Overview
Plesk and cPanel are the dominant commercial web hosting control panels. The key difference lies in OS support: Plesk runs on both Windows Server and Linux, while cPanel supports Linux-based distributions only.
| Parameter | Plesk | cPanel |
|---|---|---|
| OS Support | Linux, Windows Server | Linux (AlmaLinux, CloudLinux, Ubuntu) |
| Interface | Modern UX, domain-centric | Classic, WHM/cPanel split |
| Default Web Server | Nginx + Apache / IIS | Apache (Nginx as reverse proxy) |
| Docker | Native support via extension | Limited support |
| Databases | MySQL, MariaDB, MSSQL, PostgreSQL | MySQL, MariaDB |
Performance
cPanel is traditionally considered more lightweight regarding system resources. Minimum installation requires 1 GB RAM, but 2 GB+ is recommended for stable operation under load. Plesk consumes more RAM (starting from 2 GB for basic tasks) due to a heavier GUI and modular extension structure. In interface responsiveness tests, cPanel wins due to the lack of excessive visual layers. However, Plesk offers easier out-of-the-box Nginx caching and PHP-FPM configuration, speeding up content delivery without deep manual config edits.
Configuration & complexity
Plesk uses an object-oriented approach where each site is a separate object with its own settings. Automation is handled via CLI: plesk bin domain --create example.com -clogin admin. cPanel is split into two parts: WHM (Web Host Manager) for global server settings and cPanel for the end-user. Console management in cPanel is done via scripts in the /scripts/ directory, e.g., /scripts/createacct --domain=example.com. Plesk is more developer-friendly with Git and Docker integrations, while cPanel targets classic shared hosting administrators.
When to choose what
- Plesk: If you need Windows hosting (ASP.NET), Docker container management, multi-server infrastructure via a single UI, or Git deployment workflows.

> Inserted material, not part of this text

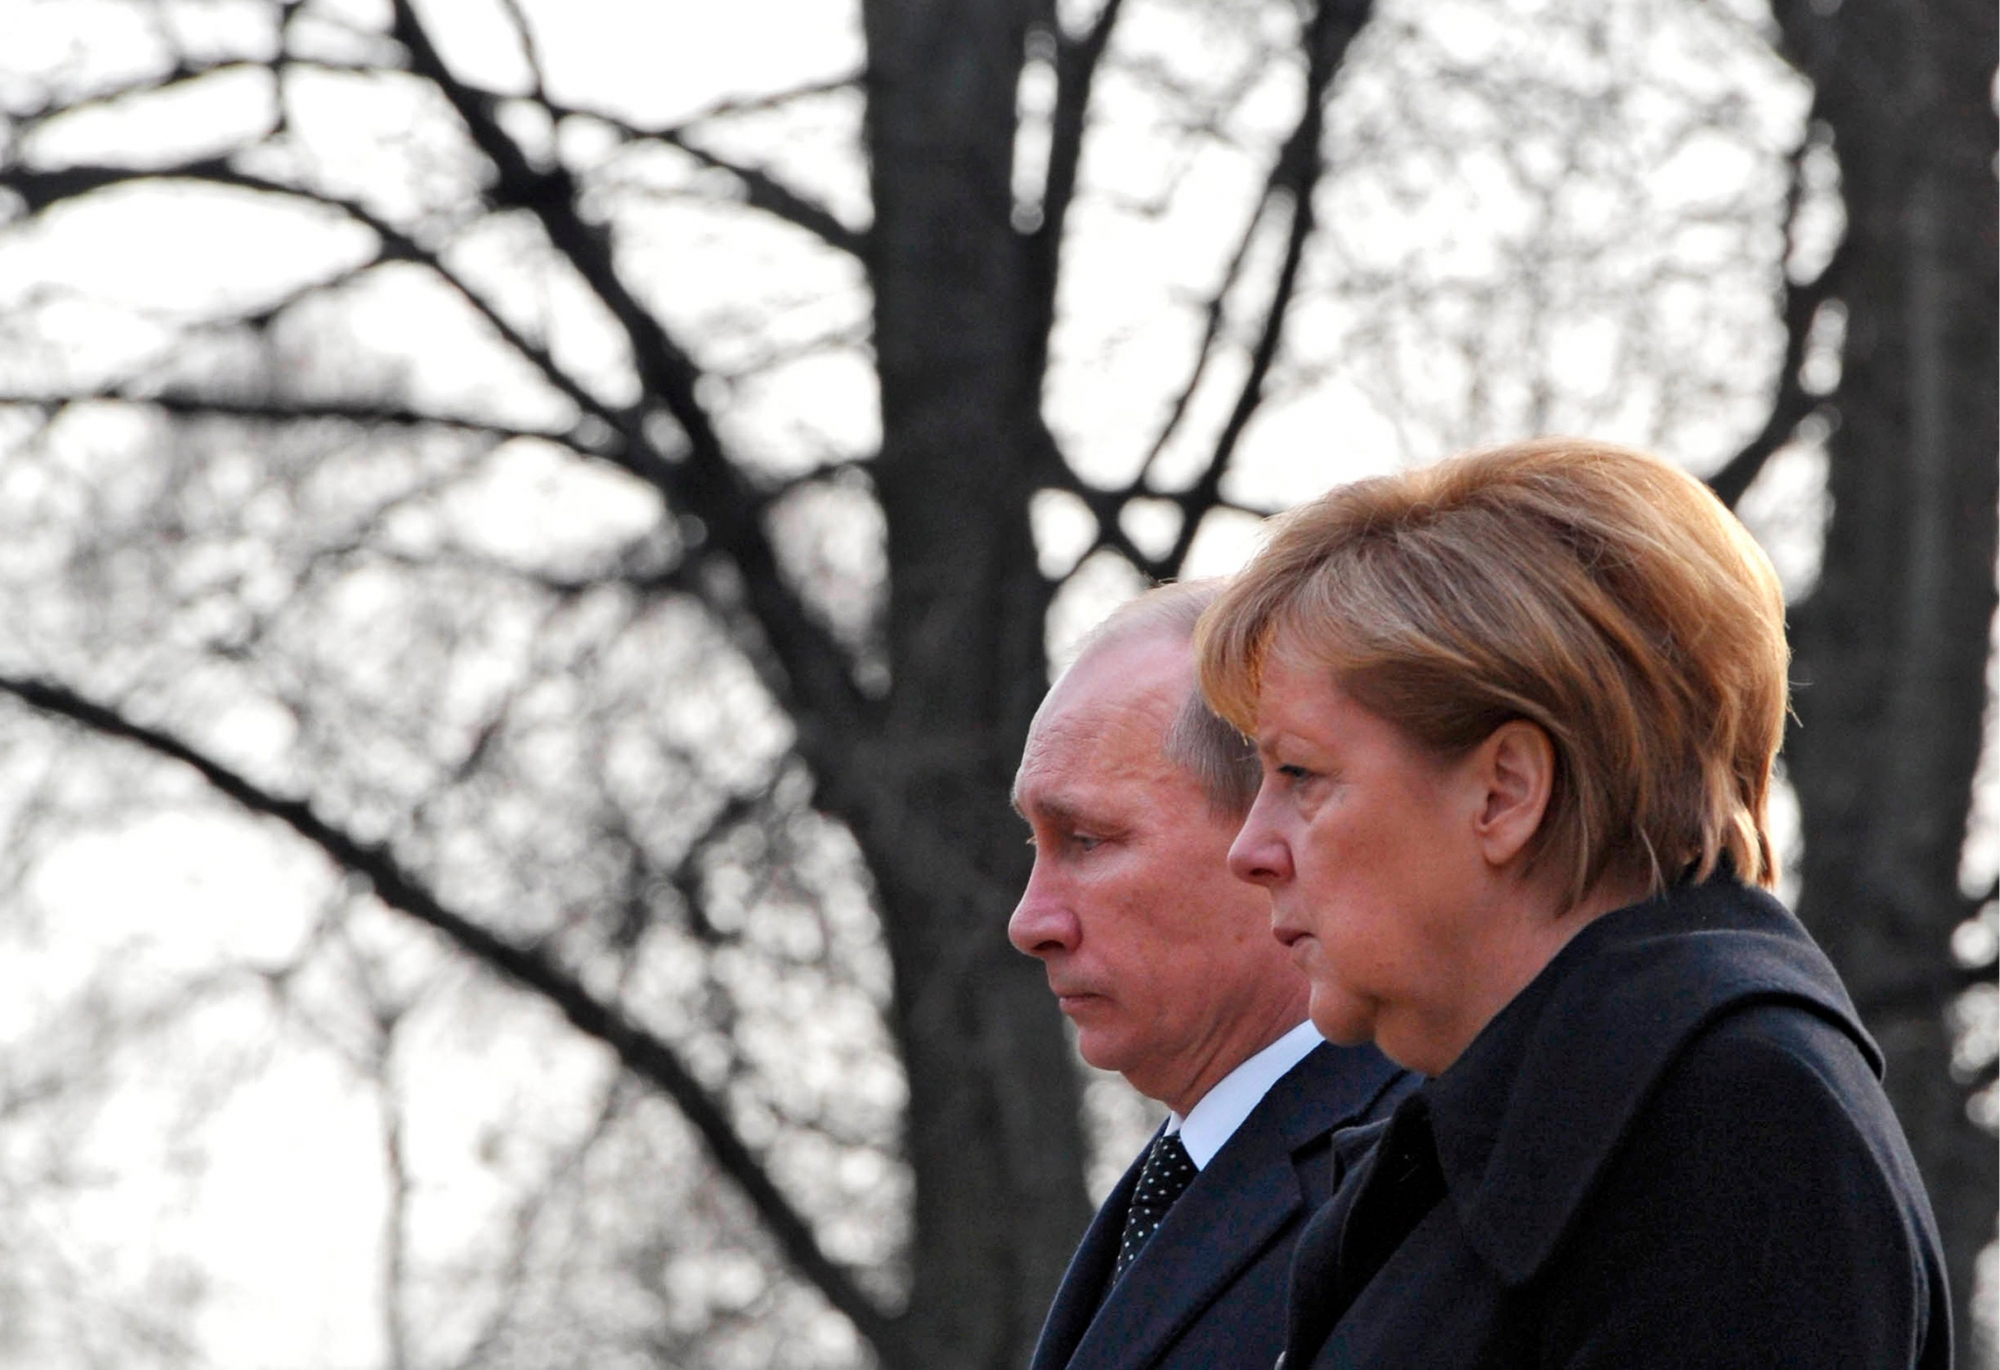 German Chancellor Angela Merkel, right, and Russian President Vladimir Putin lay a wreath at the Cemetery of Honor on the north bank of the Maschsee Lake in Hannover, central Germany, on Monday, April 8, 2013. Buried in this cemetery are 386 forced laborers from all over Europe, who were murdered by the Nazi regime near the end of the second World War in Hannover. (AP Photo/RIA Novosti, Alexei Druzhinin, Presidential Press Service, Pool) Germany Russia
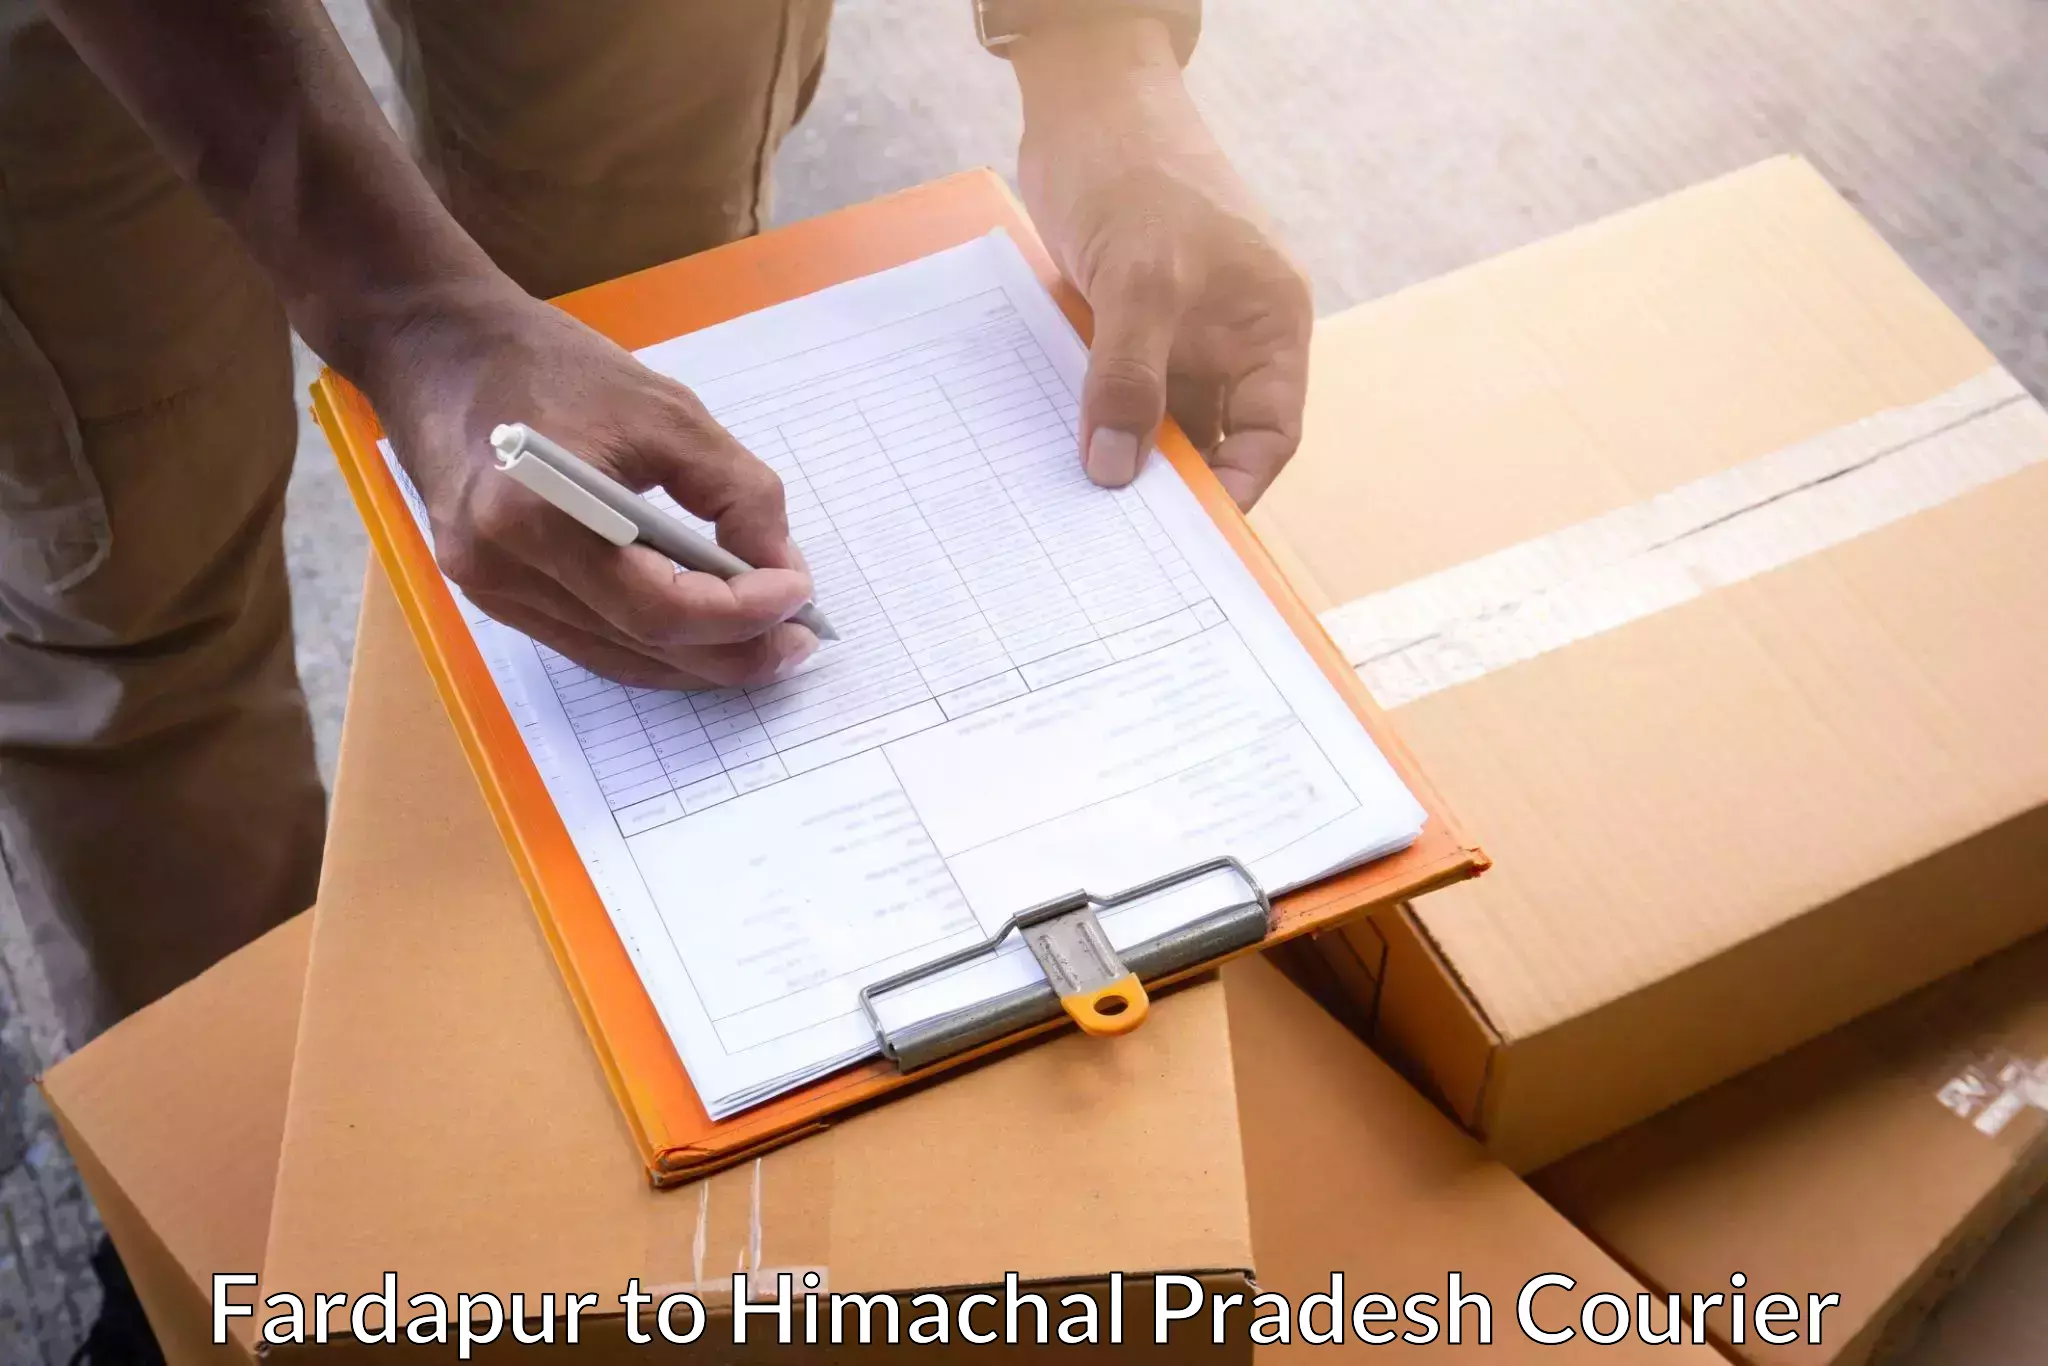 Advanced package delivery in Fardapur to Himachal Pradesh

- cPanel: For building mass shared hosting services, users accustomed to the legacy interface, or running on budget VPS with limited RAM.
Cost / licensing
Both panels are owned by WebPros and use a similar account-based licensing model. Plesk licenses are divided into Web Admin (up to 10 domains), Web Pro (up to 30), and Web Host (unlimited domains, but account-limited). cPanel is strictly billed by the number of accounts (Solo, Admin, Pro, Premier), making it more expensive when scaling many small clients on a single node.
Ecosystem & integrations
Plesk features an Extensions Catalog where modules (SEO, Security, Backup) are installed in one click. cPanel relies on third-party plugins and add-ons like Softaculous for script auto-installation. The WordPress Toolkit is available in both, but in Plesk, it is native and more deeply integrated into the filesystem.
Verdict
Plesk is the optimal choice for web agencies and developers who require cross-platform support and modern tools (Git, Docker). cPanel remains the industry standard for hosting providers and sysadmins who prefer a time-tested management hierarchy and minimal system overhead.